Induction TPF chemotherapy and its outcomes in head and neck cancer, a single centre experience

Platinum, Docetaxel and Fluorouracil (5FU) (TPF) chemotherapy is a well-established regime used in locally advanced head and neck cancer patients to downstage disease prior to definitive treatment with chemo-radiotherapy.  It has been shown to improved overall survival but can be associated with significant toxicity.1,2 We wished to examine our own experience in a large regional speciality oncology centre to review the survival and toxicity in our local patient cohort.

A retrospective case review was conducted of all patients with head and neck cancers treated with platinum, Docetaxel and Fluorouracil (5FU) between January 2017 and December 2021. Data was collected on disease free survival (DFS), overall survival (OS), toxicity and further treatments.

Eighty-four patients were identified; 82.1% (n=69) male and 17.8% (n=15) female, with a median age of 57.5 years. Most patients had primary disease in the oropharynx 85.7% (n=72) and of these 76.4% (n=55) were p16 positive.  Using TNM8 staging, 33% were stage 4 (n=28) and 42% stage 3 (n=35).  The median number of cycles of TPF given was 3.

Seventy-nine patients (94%) experienced side effects with toxicity of any grade; however most toxicity was low grade and only 22% (n=19) of patents required dose reduction. The most common forms of toxicity were fatigue (74.7%), nausea (44.3%), and diarrhoea (38%). In this cohort, 27.4% (n=23) of patients needed inpatient admission. The most common reason for admission was neutropenia and sepsis. There were two TPF toxicity related deaths from sepsis in this cohort and one further patient died from non-chemotherapy or cancer related causes prior to proceeding to definitive radiotherapy.

Eight-one patients proceeded to definitive radiotherapy, 70Gy in 35# over 7 weeks.  Fifty-six patients received concurrent cisplatin (n=28 weekly, n=28 3-weekly), 17 carboplatin (n=8 weekly, n=9 weekly dosing regimens respectively), three received radiotherapy without chemotherapy and five patients received a historical platinum/5 Fluorouracil regime, 2 cycles at weeks 1 and 4.
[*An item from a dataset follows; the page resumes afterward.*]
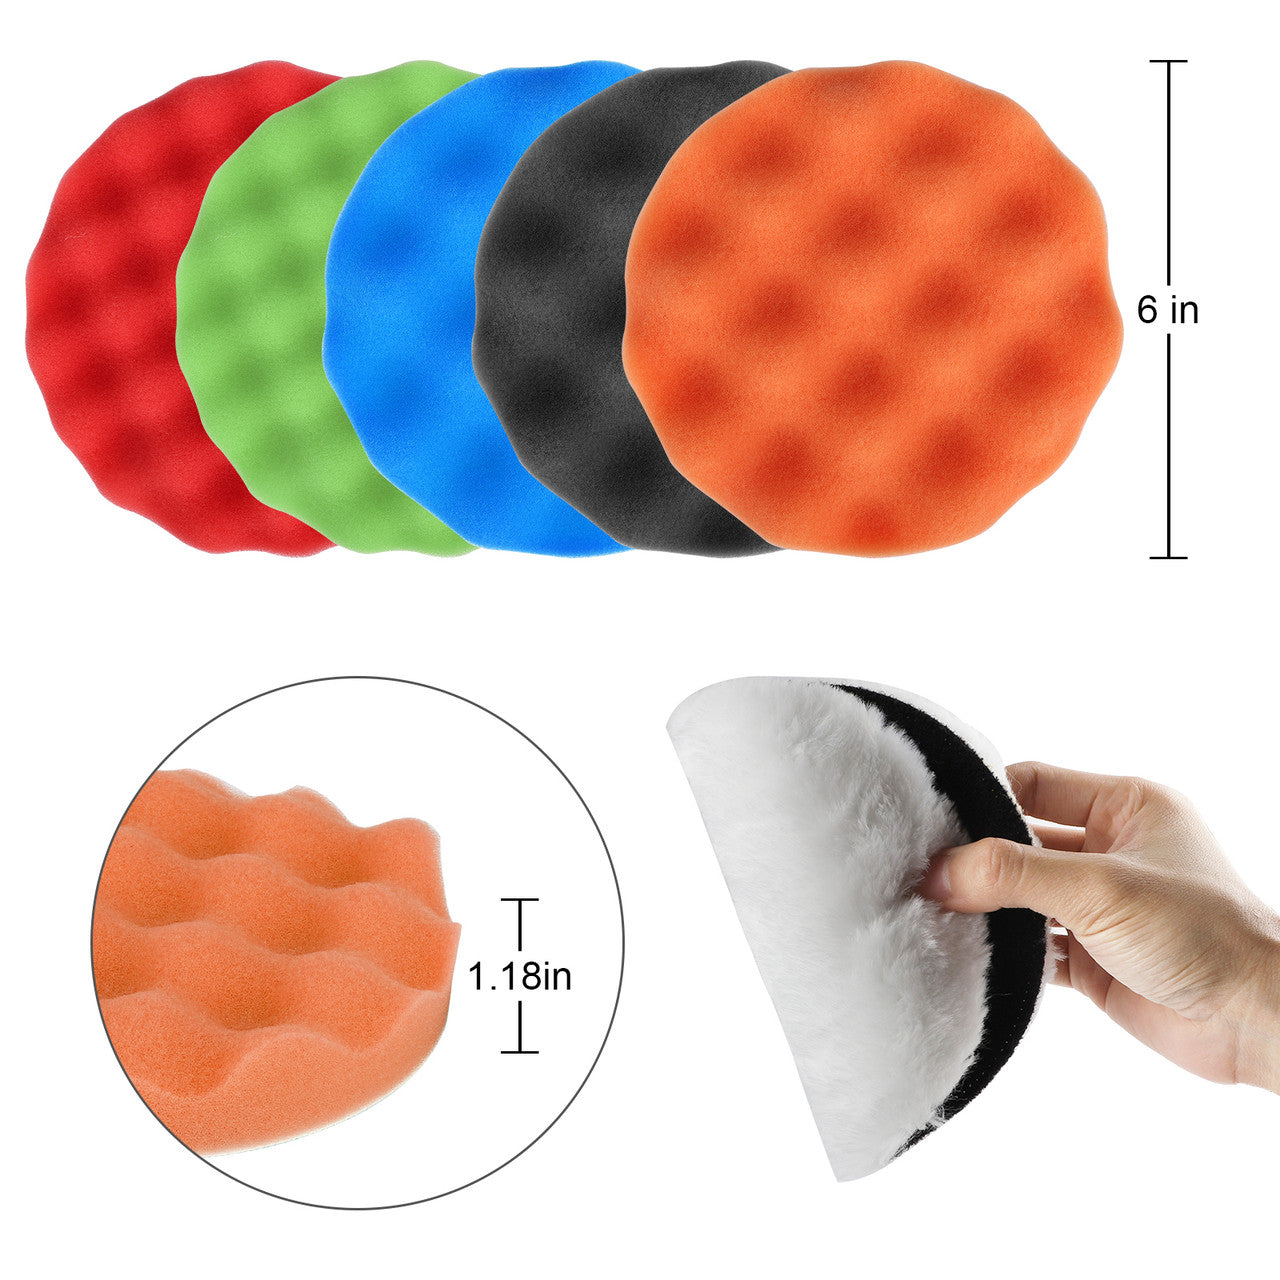 6Pcs Polishing Buffing Pad, Multi-color Polishing Pad with Different Hardness, 6" Buffing Pads Woolen Polishing for Car Sanding, Polishing, Waxing, Sealing Glaze, Washable & Reusable

Out of 81 patients, 16 were scanned with PET-CT prior to radiotherapy; 11 of these patients showed complete metabolic response (CMR), four showed partial metabolic response (PMR) and one showed stable disease. End of treatment scans were completed in 79 patients; 79.7% (n=63) were in CMR, 10.1% (n=8) PMR, disease progression in 8.9%(n=7), and stable disease in 1.3% (n=1).  Outcome was not available in two patients who were lost to follow up.
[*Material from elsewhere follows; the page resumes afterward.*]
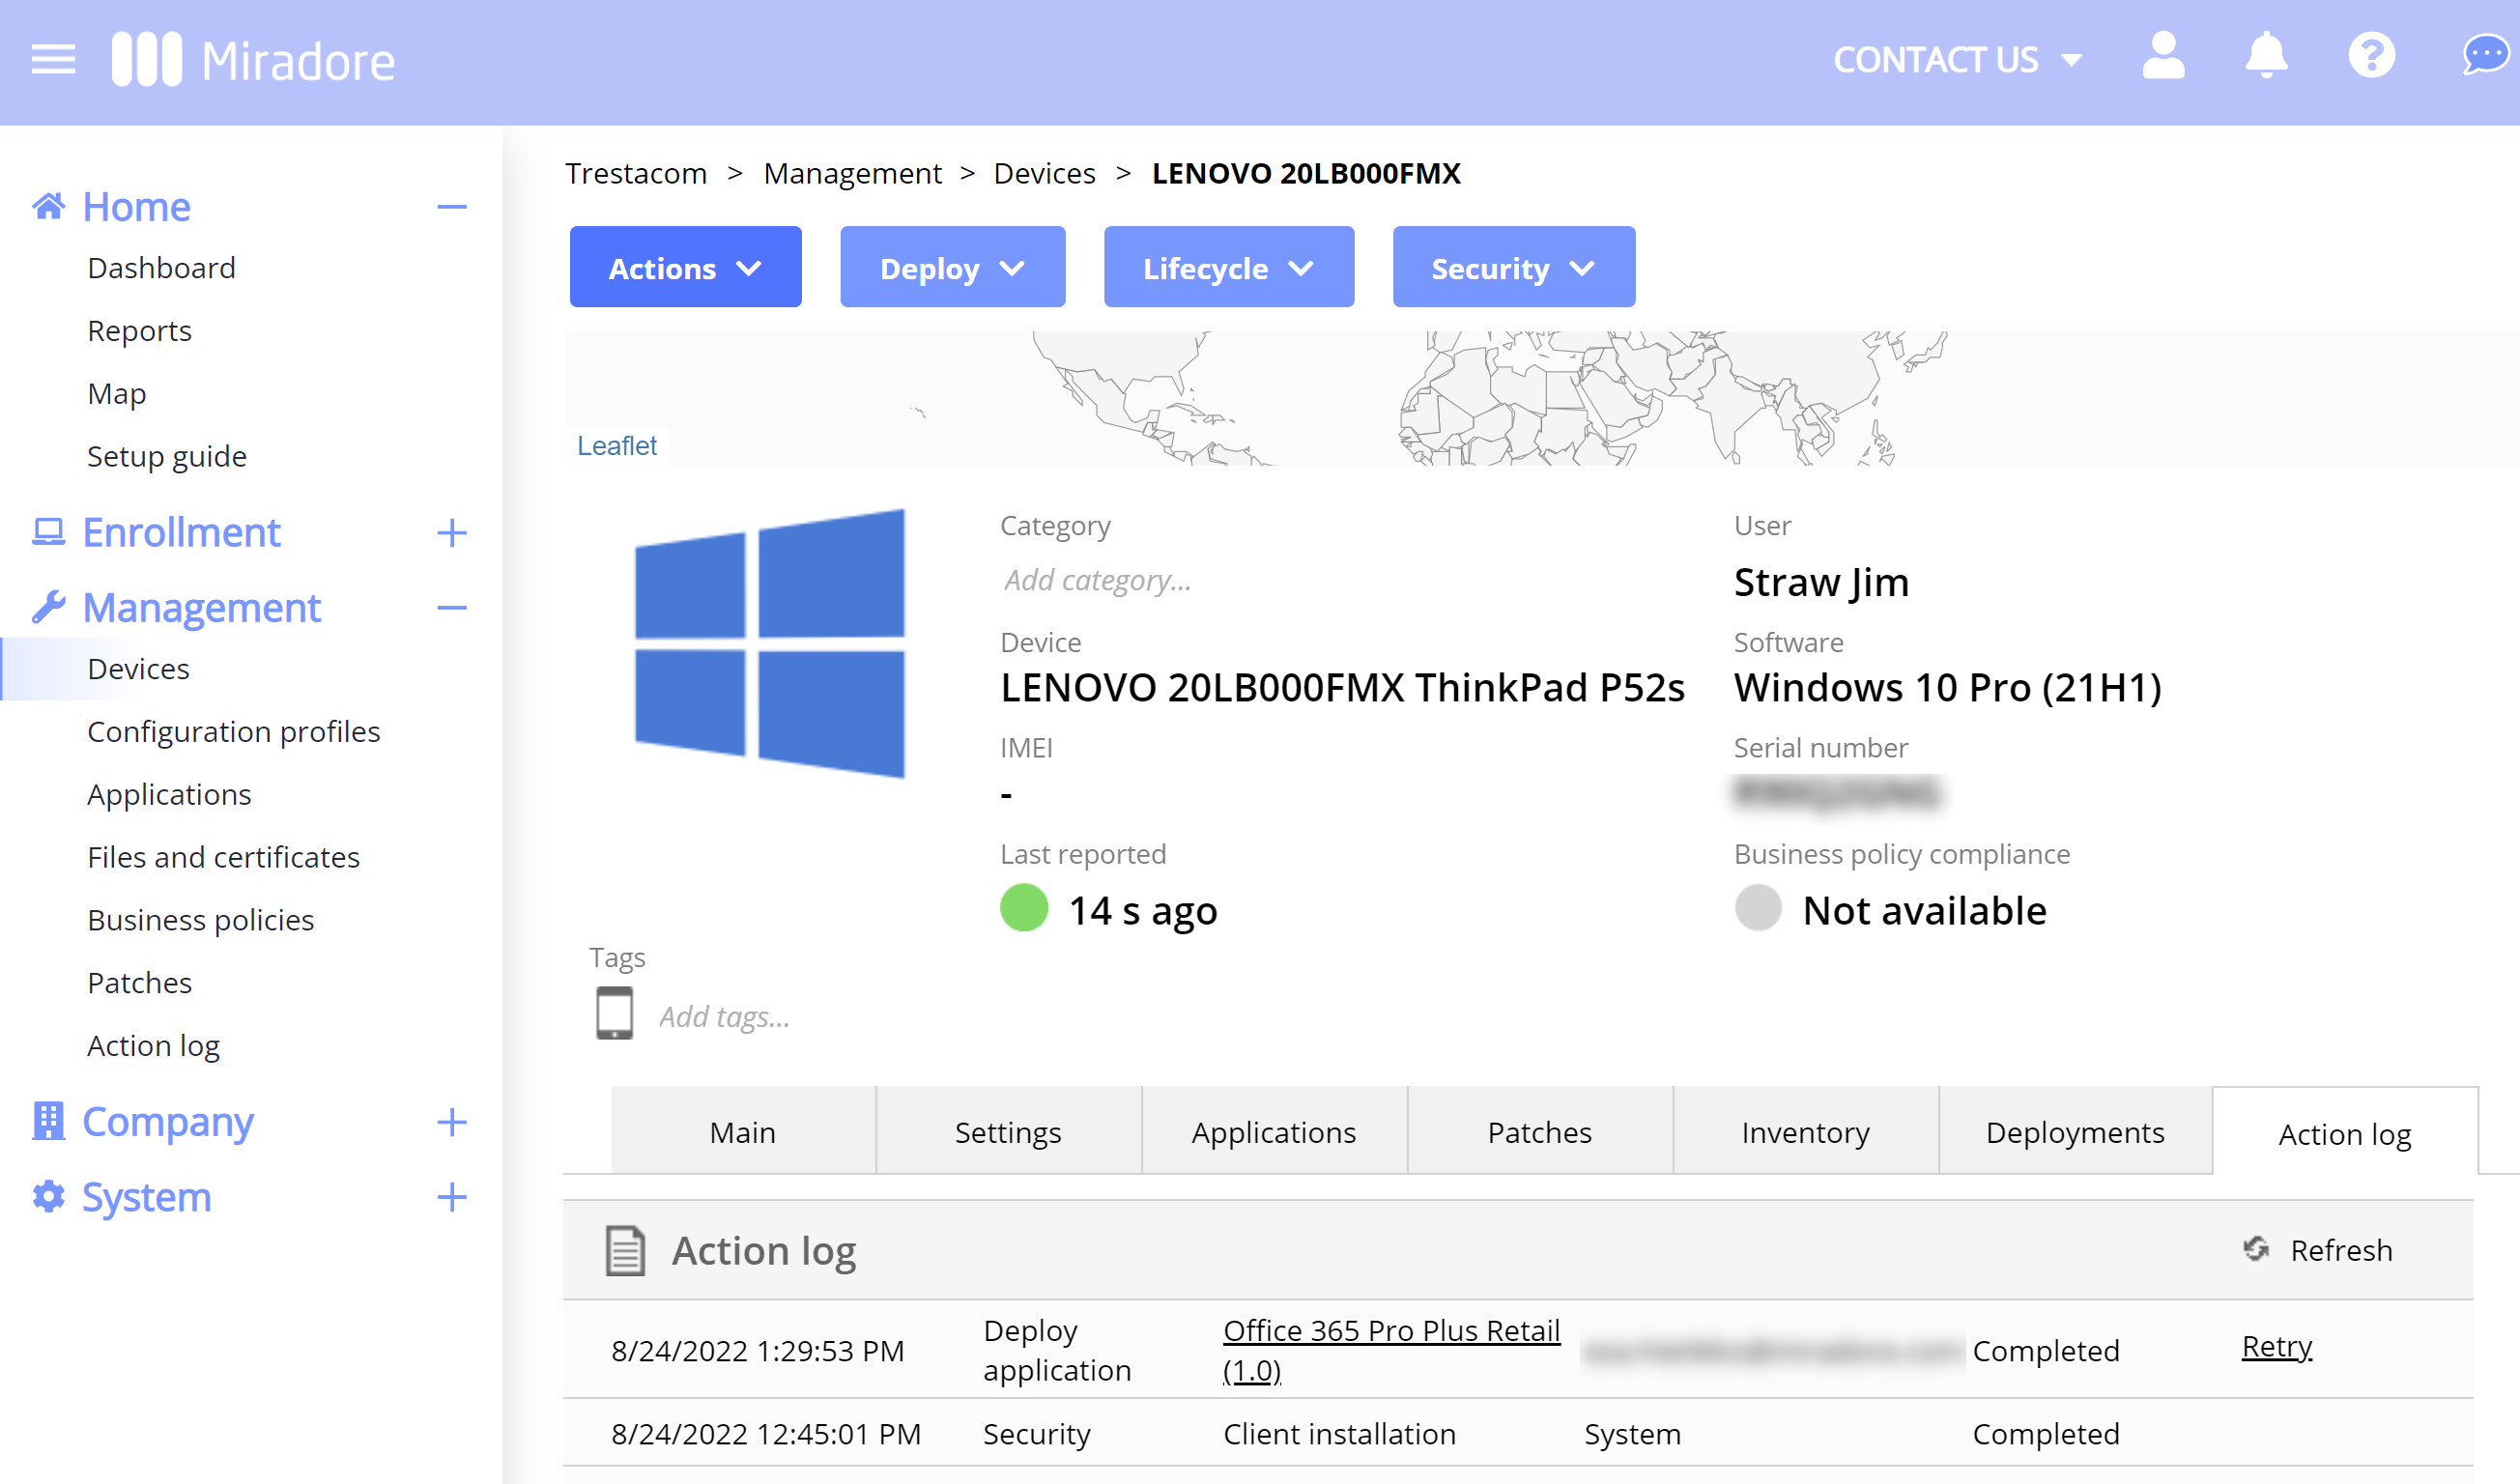 Follow-up Microsoft 365 application deployment from the Action log in Miradore

Median overall survival in the total cohort of patients is 66 months.  Comparison by the concurrent chemotherapy regime received during radiotherapy showed no difference in overall or disease free survival.   However it is worth noting, although the group receiving radiotherapy alone was small, the median overall survival was 19 months, (p=0.04).  

Analysis of final outcomes showed that 67.8% (n=57) of patients are alive with no disease, 21.4% (n=18) died of head and neck cancer, 8.3% (n=7) died of other causes and 2.4% (n=2) died due to TPF toxicity. Overall median follow up was 26 months (range 1-68 months).  The estimated overall survival at 3 years is 66.6% and at 5 years is 53.7%. 

From this study we see that in a real-world scenario, TPF is an effective and achievable treatment choice in patients with locally advanced cancers of the head and neck. However careful selection of candidates for this regime must be considered in view of the associated mortality rate and to also allow for delivery of optimal definitive chemo-radiotherapy.  In our cohort no TPF related deaths have been seen since 2018, which suggests an increased understanding amongst clinicians of suitability of patients for this regime and management of potential toxicities.  The results obtained from our data are comparable to that of the results of the TAX324 study where estimates of overall survival were 63% at 3 years and 52% at 5 years.1,2  Therefore TPF is an important and valuable systemic regime in our arsenal of treatments for advanced head and neck cancer.